» **Exercise prompt**:
Retype the data exactly, skipping any picture in it.

» **Exercise data**:
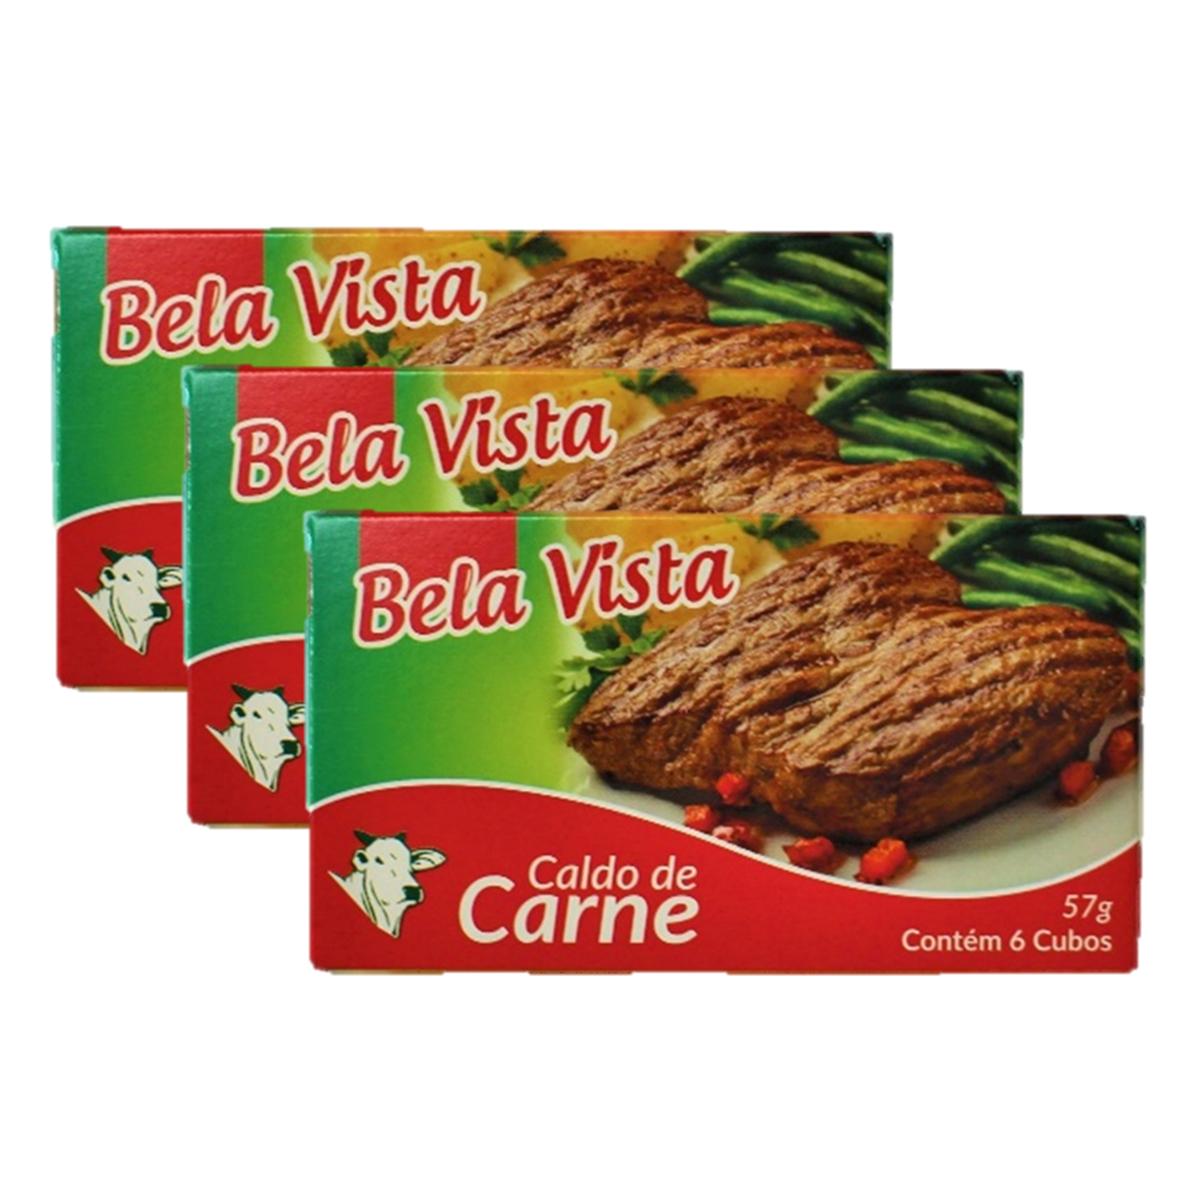 スープやお料理に 3個セット 乾燥スープの素 コンソメ 57g 6個入り Vista de Carne Caldo Bela クリアランスsale!期間限定! 即出荷 ×3
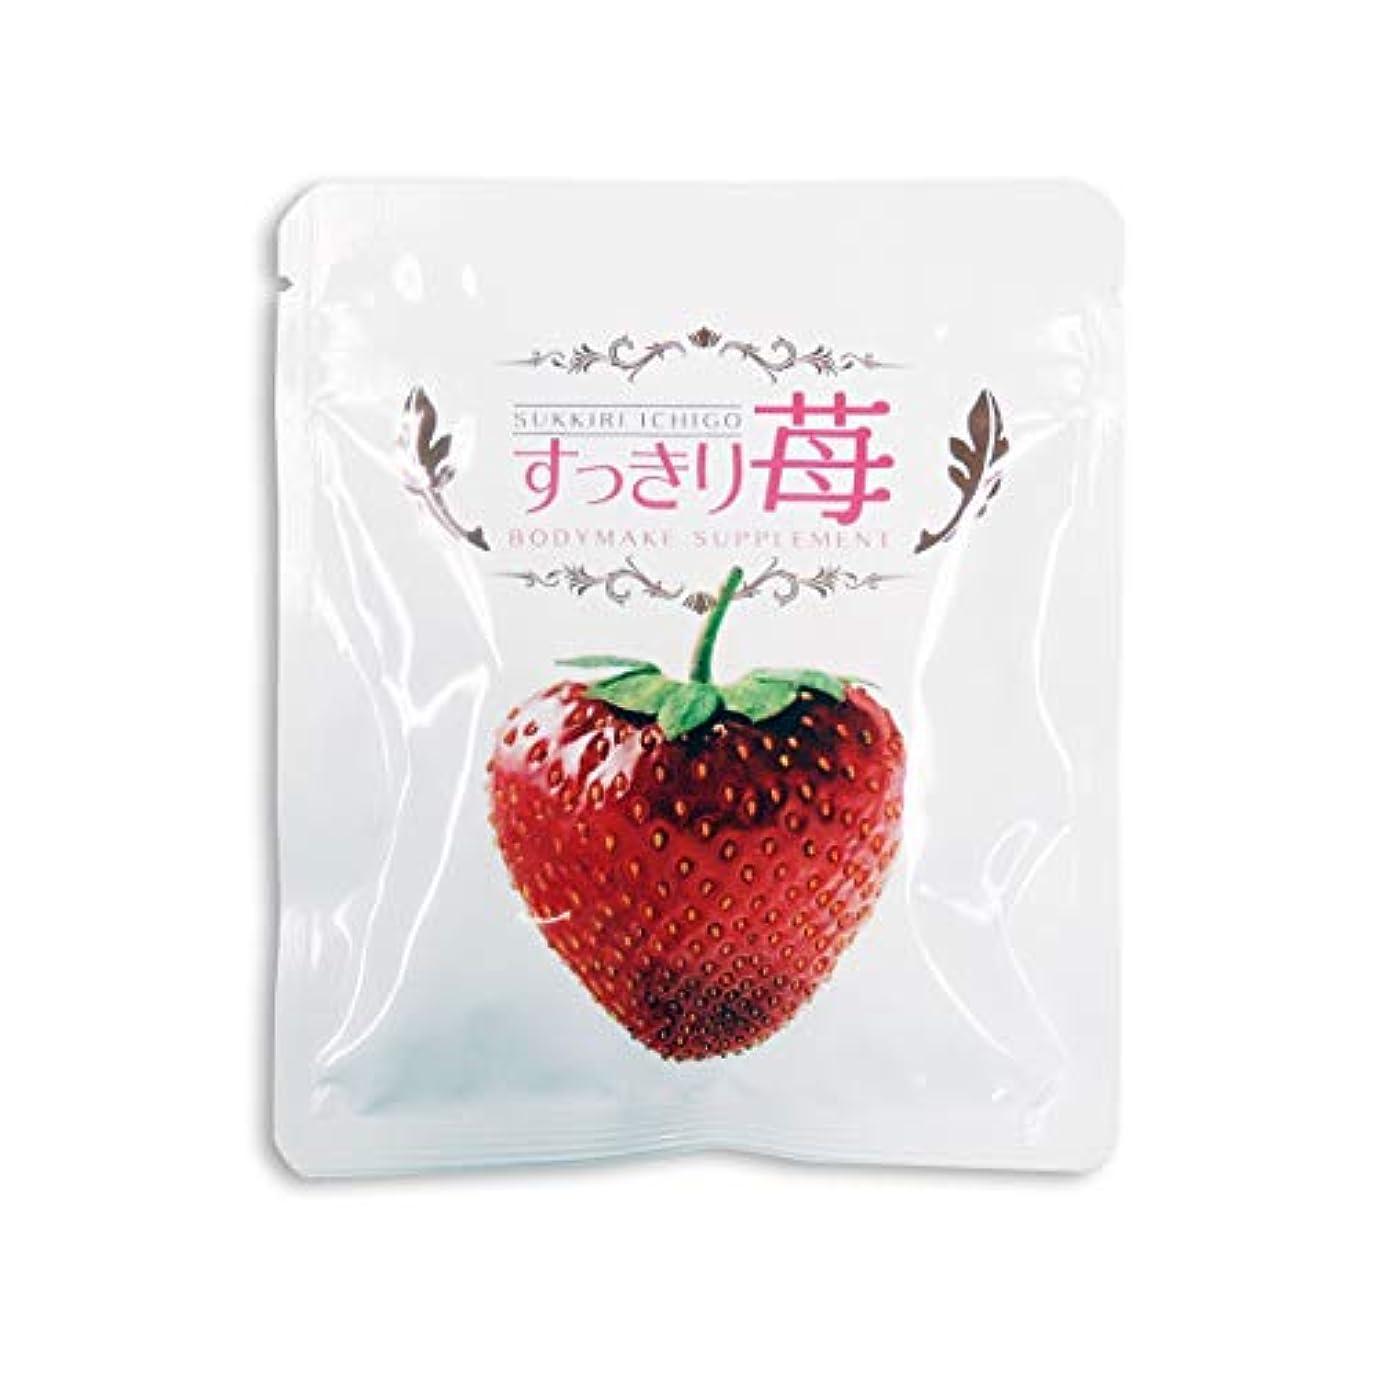 生む黙認する現像すっきり苺 ダイエタリーサプリメント
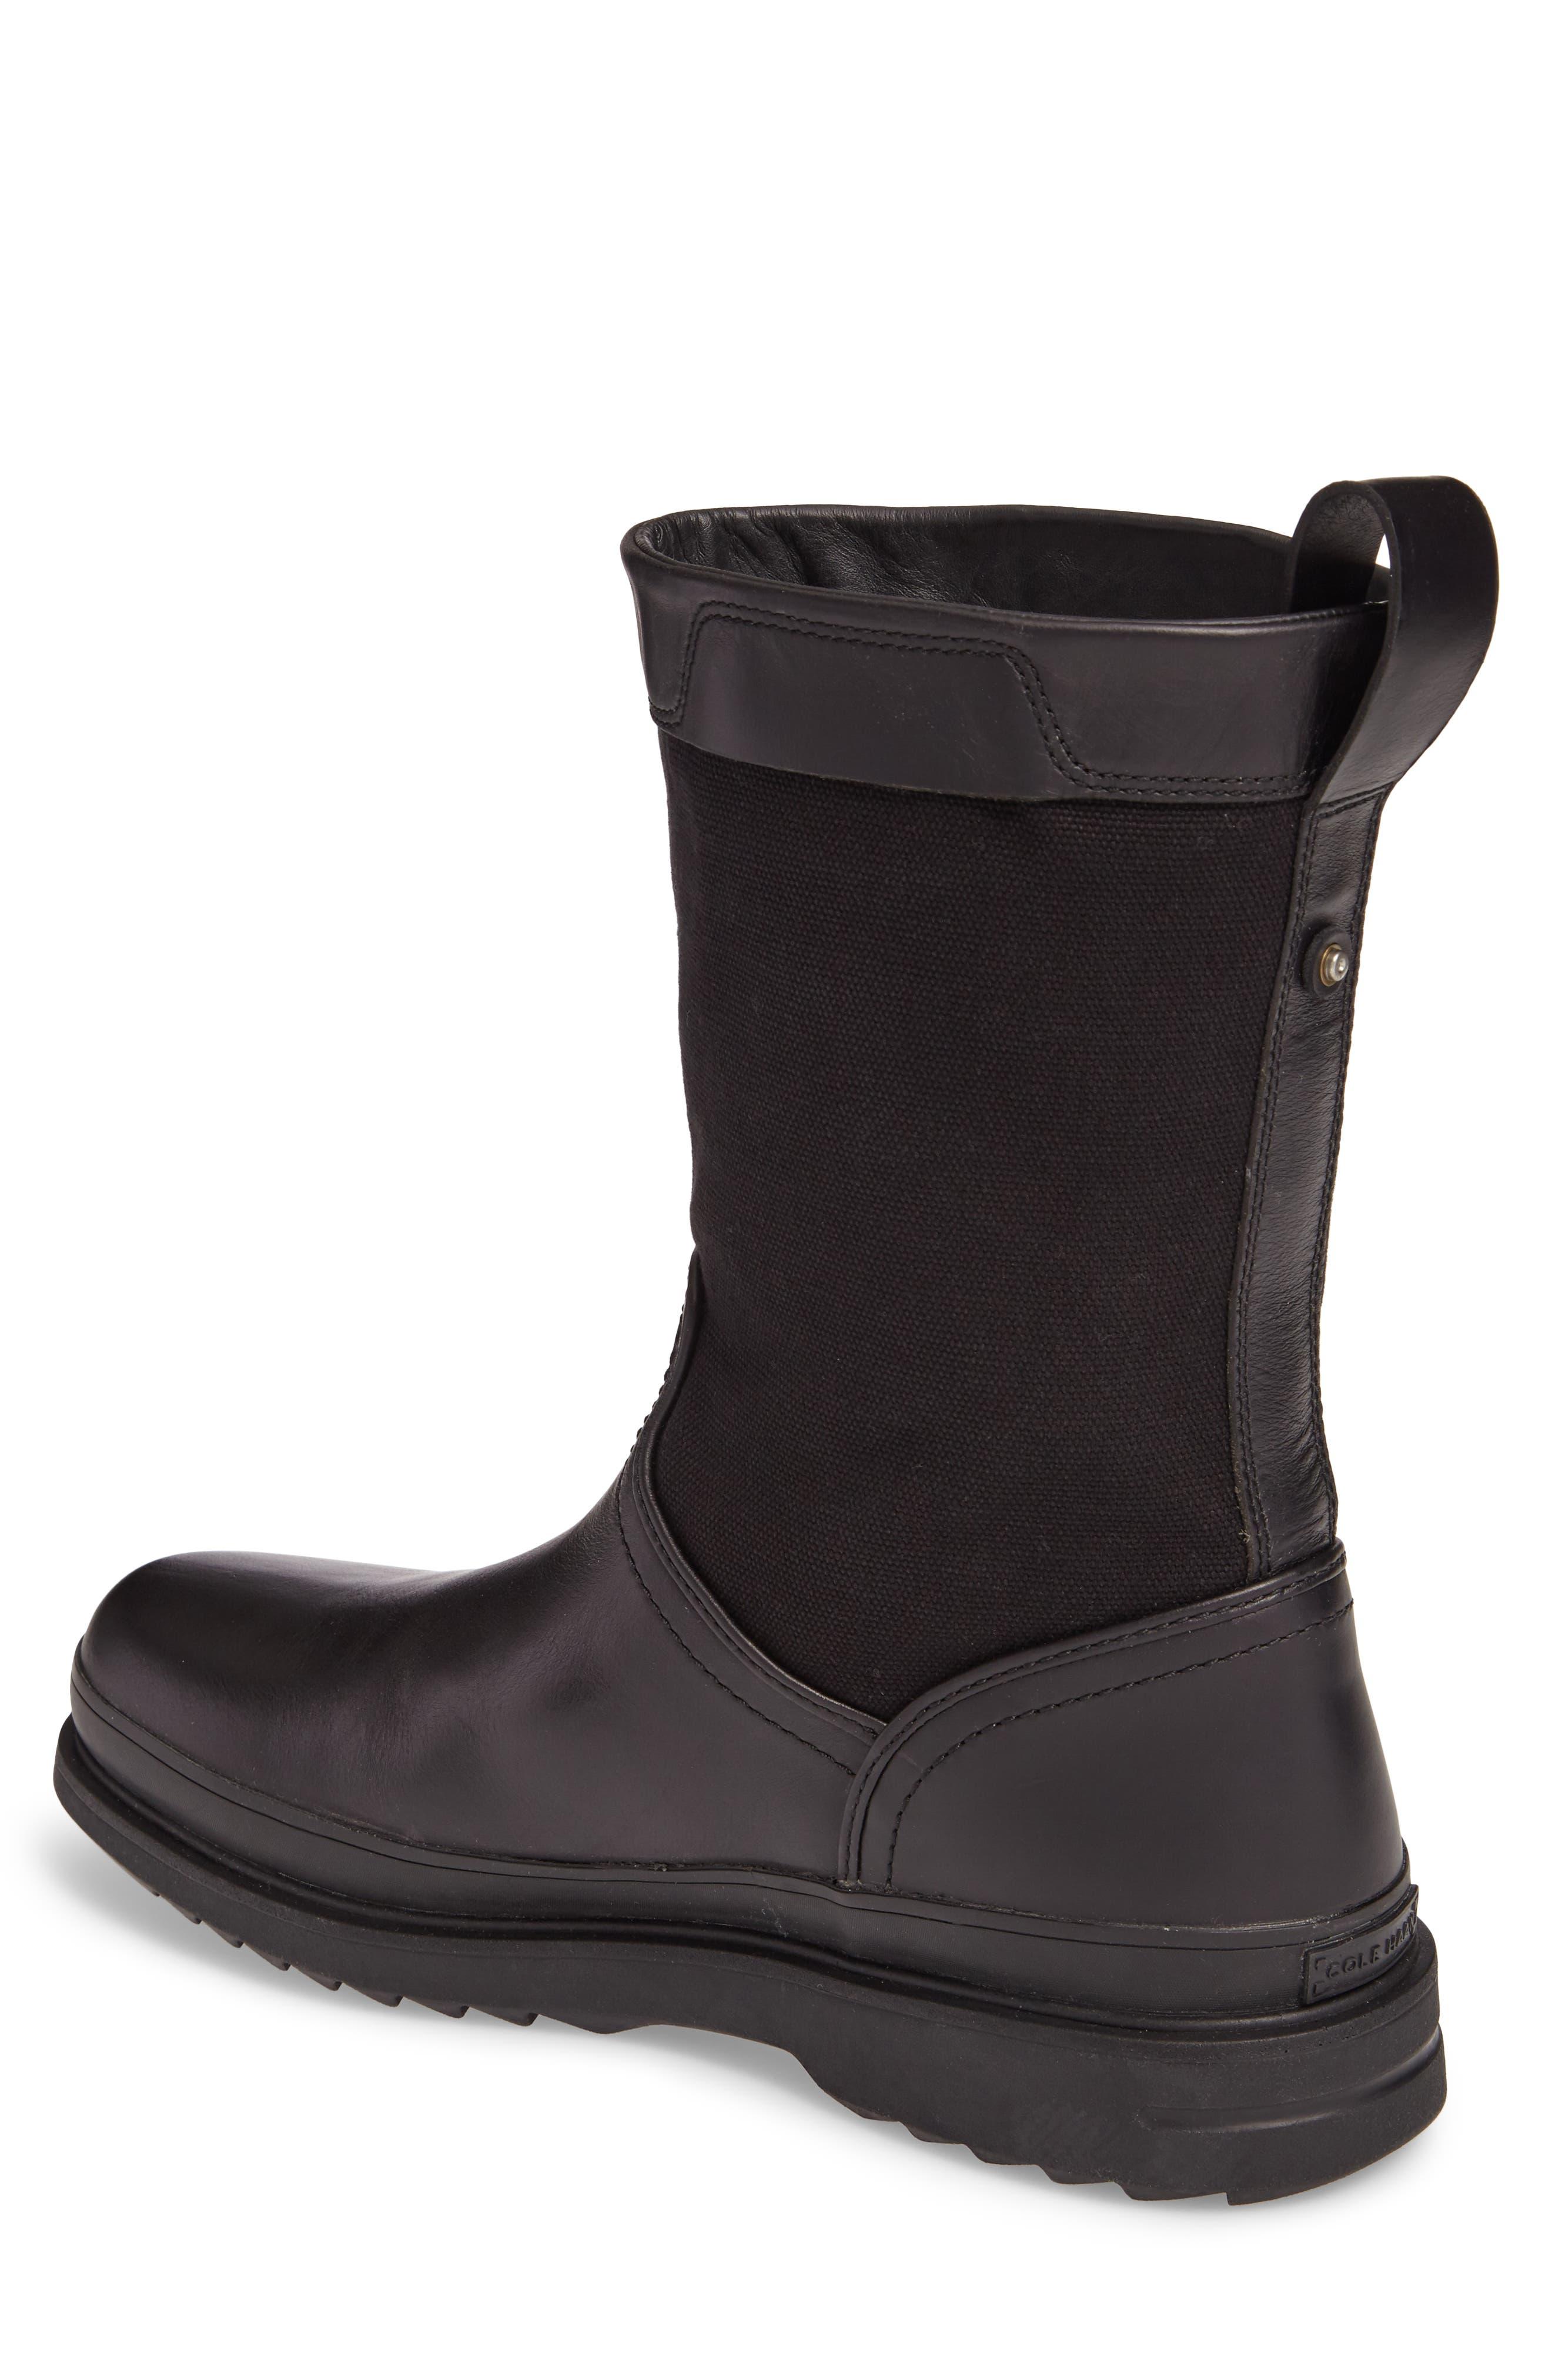 Alternate Image 2  - Cole Haan Millbridge Waterproof Boot (Women)

» **Written reply**:
 スープやお料理に 3個セット 乾燥スープの素 コンソメ 57g 6個入り Vista de Carne Caldo Bela クリアランスsale!期間限定! 即出荷 ×3
 生む黙認する現像すっきり苺 ダイエタリーサプリメント
 Alternate Image 2  - Cole Haan Millbridge Waterproof Boot (Women)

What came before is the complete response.